CARLSON: Why am I watching impeachment coverage all day? I mean, you’re in the United States Senate, not your fault of course, but you’re in the Senate. So you’re following this actual story. You’re watching this garbage in Washington. Why are people focused on one and not the other?

COTTON: Tucker, that’s right. Anytime I come out of the impeachment trial for our brief breaks, it seems like there’s been reports of another thousand people who have contracted this virus and a few more that have been killed, and when we wake up in the morning in America, I assure you, those numbers will go up again.

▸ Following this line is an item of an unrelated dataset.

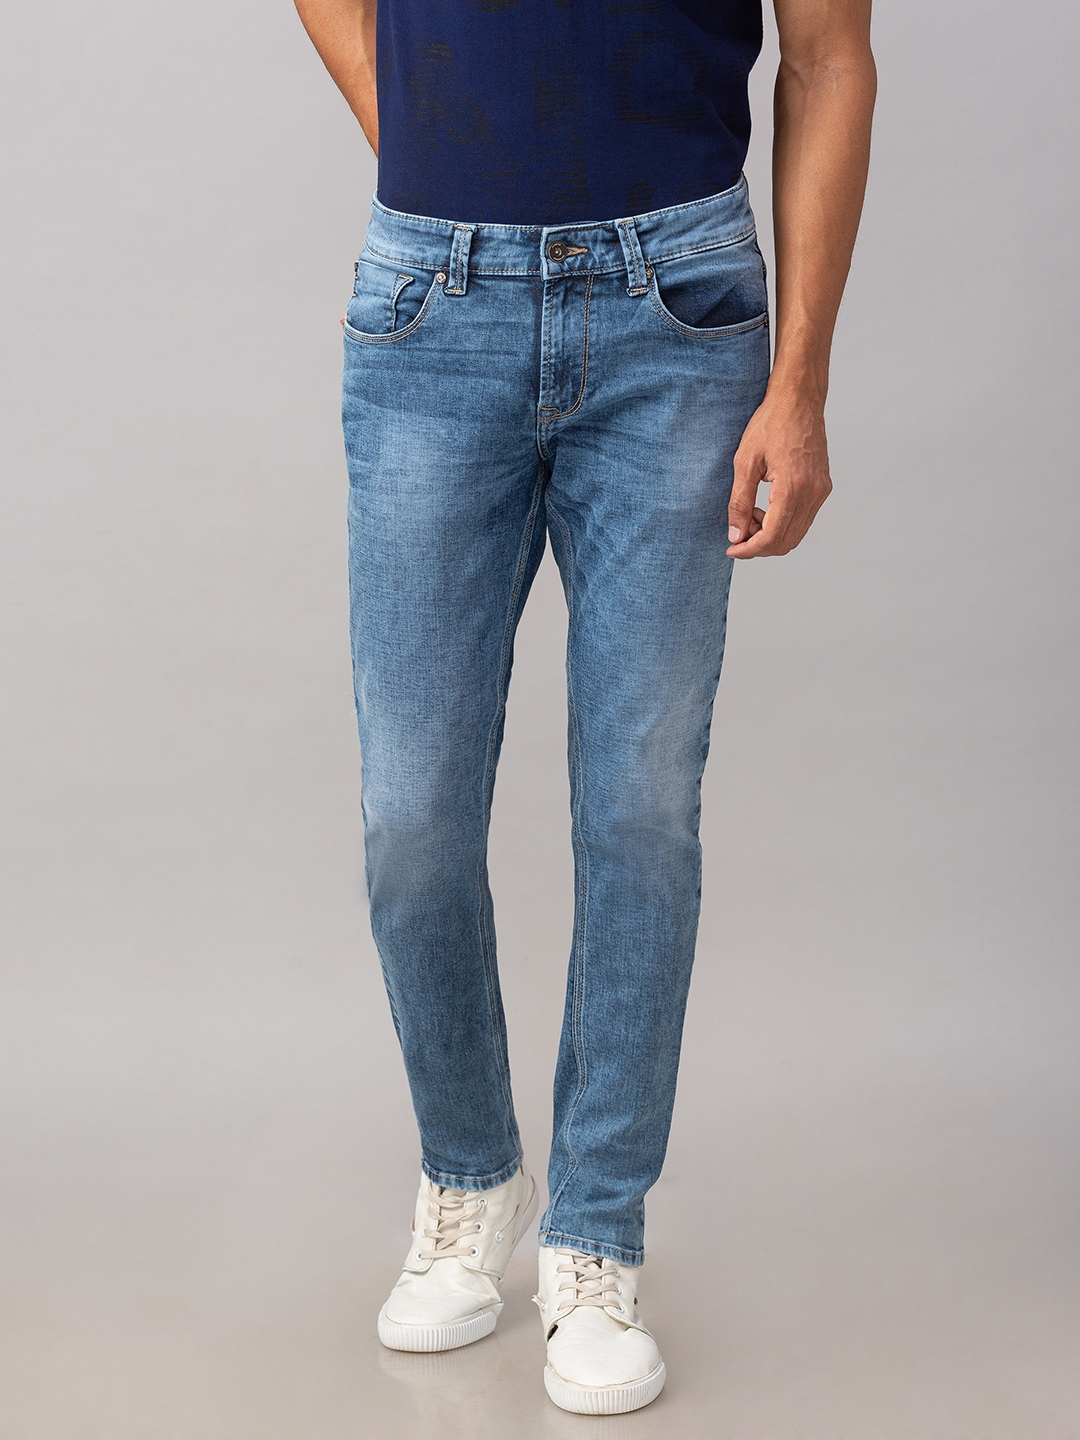 SPYKAR | Spykar Blue Cotton Low Rise Super Skinny Fit Jeans (Super Skinny)

I suspect that months from now, or perhaps even years from now, when people look back at this time, coronavirus will be considered the bigger story than impeachment. I hope that’s wrong. I hope we can get this epidemic under control before it reaches our shores in wide in far reaching numbers.

But again, we should apply an ounce of prevention here, as opposed to a pound of cure after the fact.

CARLSON: That’s exactly right. And I’m totally opposed to alarmism. There’s already too much of it, but we should identify the real risks and focus on them, and this is a real risk.

So I appreciate your calling attention to it. Senator, thank you.